The theatre of Denmark continues to thrive thanks to the many theatres in Copenhagen and across the country which put on a wide variety of Danish and foreign performances. The flagship Royal Danish Theatre presents drama, opera, ballet and music. Since the 18th century, Danish playwrights have been successful in attracting wide public interest.

==History==
It was in the 18th century with the plays of Ludvig Holberg (1684–1754) that Danish theatre began to prosper. Holberg, sometimes known as the Danish Molière in view of his successful satirical comedies (1722), is considered to be the founder of the Danish theatre. Plays such as Jean de France and Jeppe of the Hill are still performed today.

Adam Oehlenschläger (1779–1850) introduced romanticism to the Danish theatre. Especially successful was his Earl Hakon the Mighty, premiered in 1808.

The Norwegian Henrik Ibsen (1828–1906) also travelled to Copenhagen where he produced plays such as A Doll's House (1879). It deals with the hypocrisy of the bourgeoisie and a woman’s struggle to emancipate herself. For Ibsen and his contemporaries, drama was not a question of entertainment but an exercise in critical commentary on the lifestyle of the times. During this period, the Royal Theatre dominated the scene, but around 1850 other, to some extent more popular, theatres were established, starting with the Casino (1848) where Hans Christian Andersen produced his Ole Lukøie (1850). The Casino became popular for satirical revues in the 1870s.

In the 20th century, theatres were established in the large cities Århus, Odense and Aalborg as well as several in Copenhagen.

Kjeld Abell (1901–1961), the first Danish modernist playwright, wrote the successful The Melody That Got Lost in 1935 with productions in both Copenhagen and London. Kaj Munk (1898–1944), a Lutheran pastor, brought religion into his plays. Ordet (The Word) is often said to have been his best work. Carl Erik Soya (1896–1983) is remembered especially for his anti-Nazi plays such as En Gæst (A Guest) a satire aimed against the German occupation of Denmark and in 1943, Min Farmors Hus (made into the 1984 film Grandmother's House).

Leif Panduro (1923–1977) wrote a number of plays, some filmed or televised, criticising the middle class, the welfare state and the conflict between normal and abnormal, often questioning the views generally shared by the audience. His I Adams verden (1973) and Louises hus (1974) are among the best Scandinavian television dramas of the 1970s.

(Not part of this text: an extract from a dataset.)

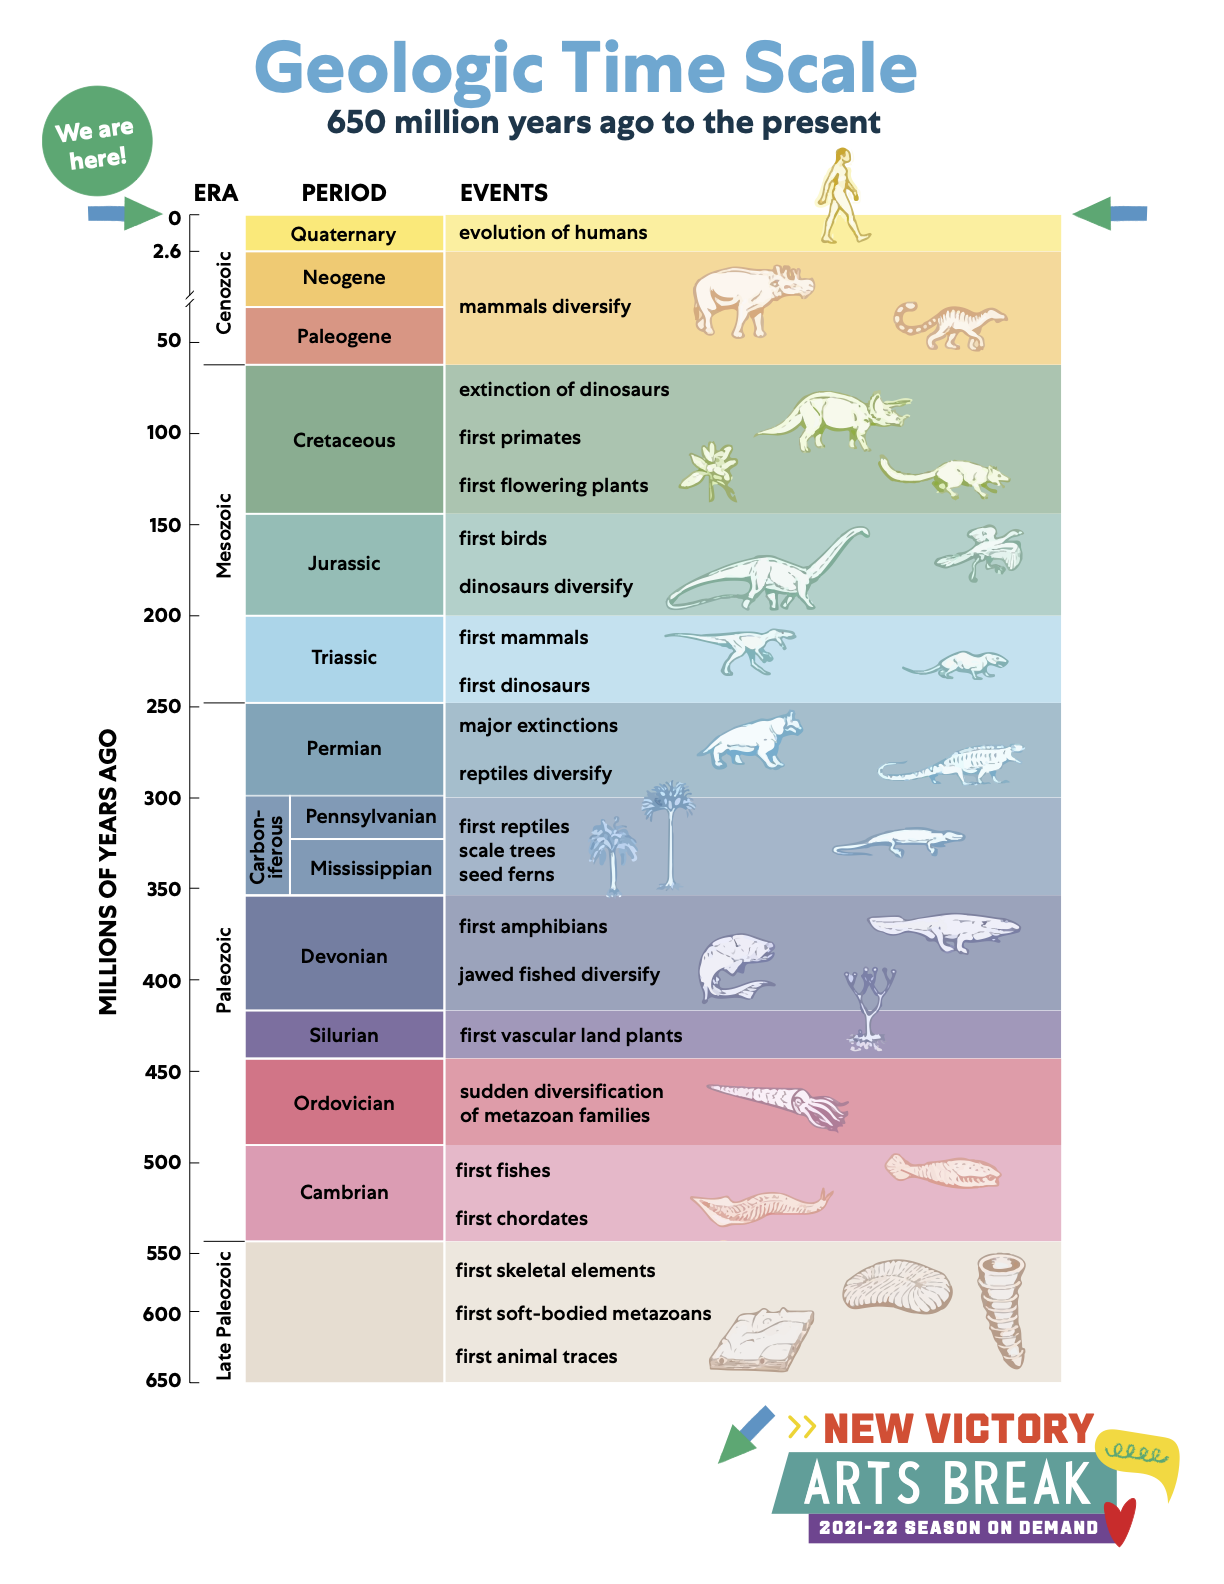 Geologic Timescale spanning 650 million years of life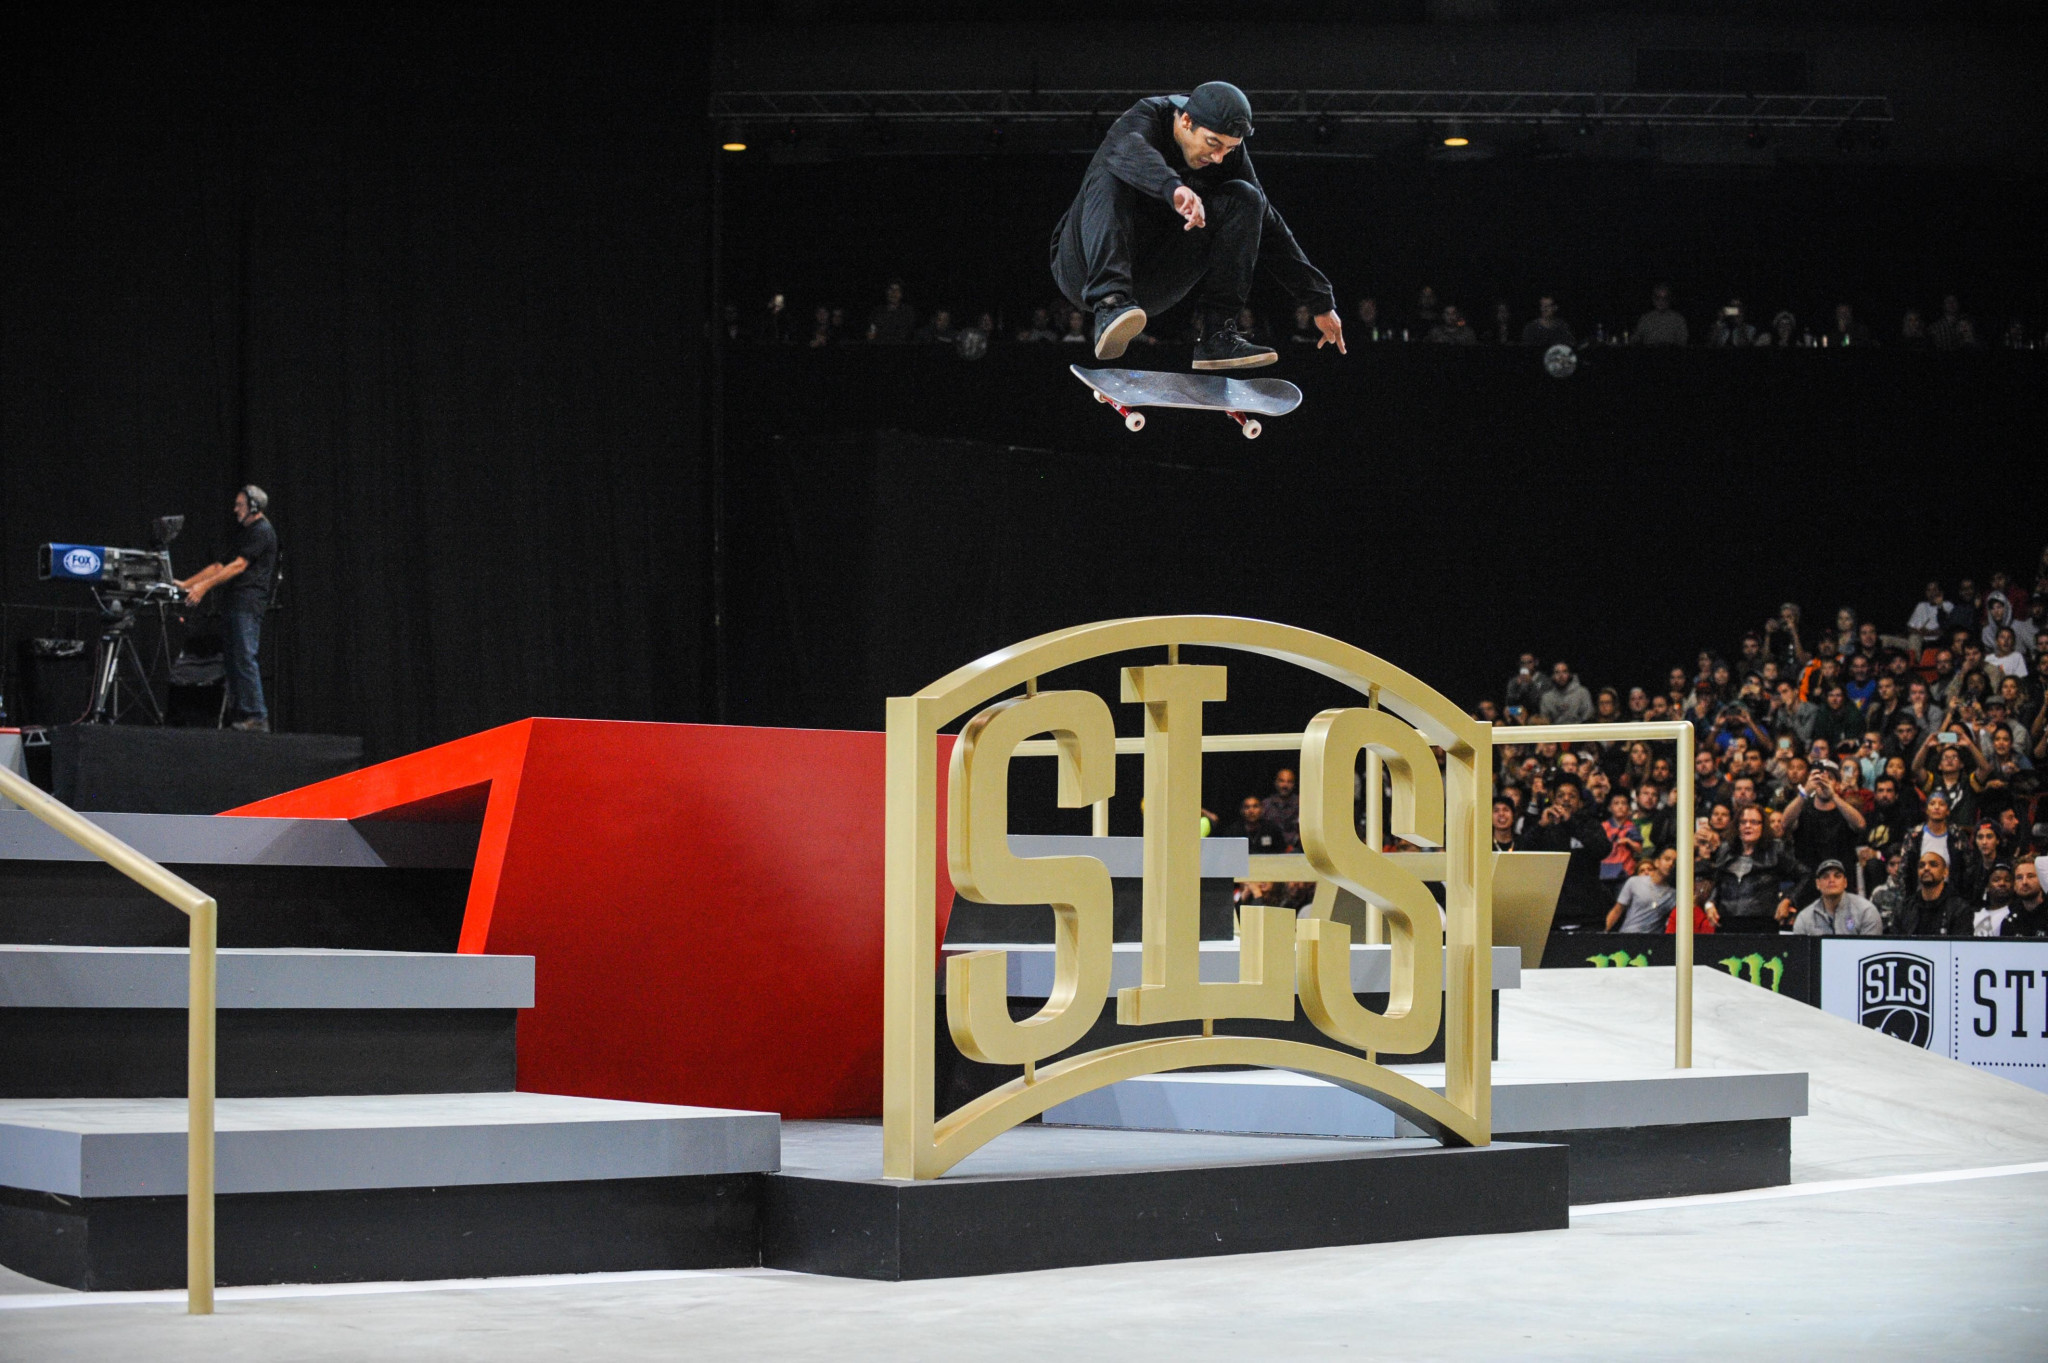 The 2022 Street League Skateboarding Championship Tour is set to begin in Jacksonville on July 16 and 17 ©SLS

In recent years, there has been something of a revival in Danish theatre. Many new playwrights and producers have appeared. These include:
- Astrid Saalbach (born 1955), winner of the Nordic Drama Award in 2004 for he play End of the World, whose drama Morning and Evening (1993) was also played at the Hampstead Theatre in London;
- Peter Asmussen (born 1957), who wrote the film script for Lars von Trier's Breaking the Waves as well as numerous radio and television plays and staged dramas.

==Danish musicals==
Encouraged by the success of the Danish version of Les Misérables, a number of Danish musicals have been written and performed in Copenhagen and elsewhere. Knud Christensen, commonly known as Sebastian, was particularly successful with Cyrano (1992), based on Rostand's play and Klokkeren fra Notre Dame (The Hunchback of Notre Dame) (2001). Bent Fabricius-Bjerre's musical Matador with lyrics by Clemens Telling based on an earlier, highly successful television series was premiered at the new Copenhagen Opera in June 2007 to full houses.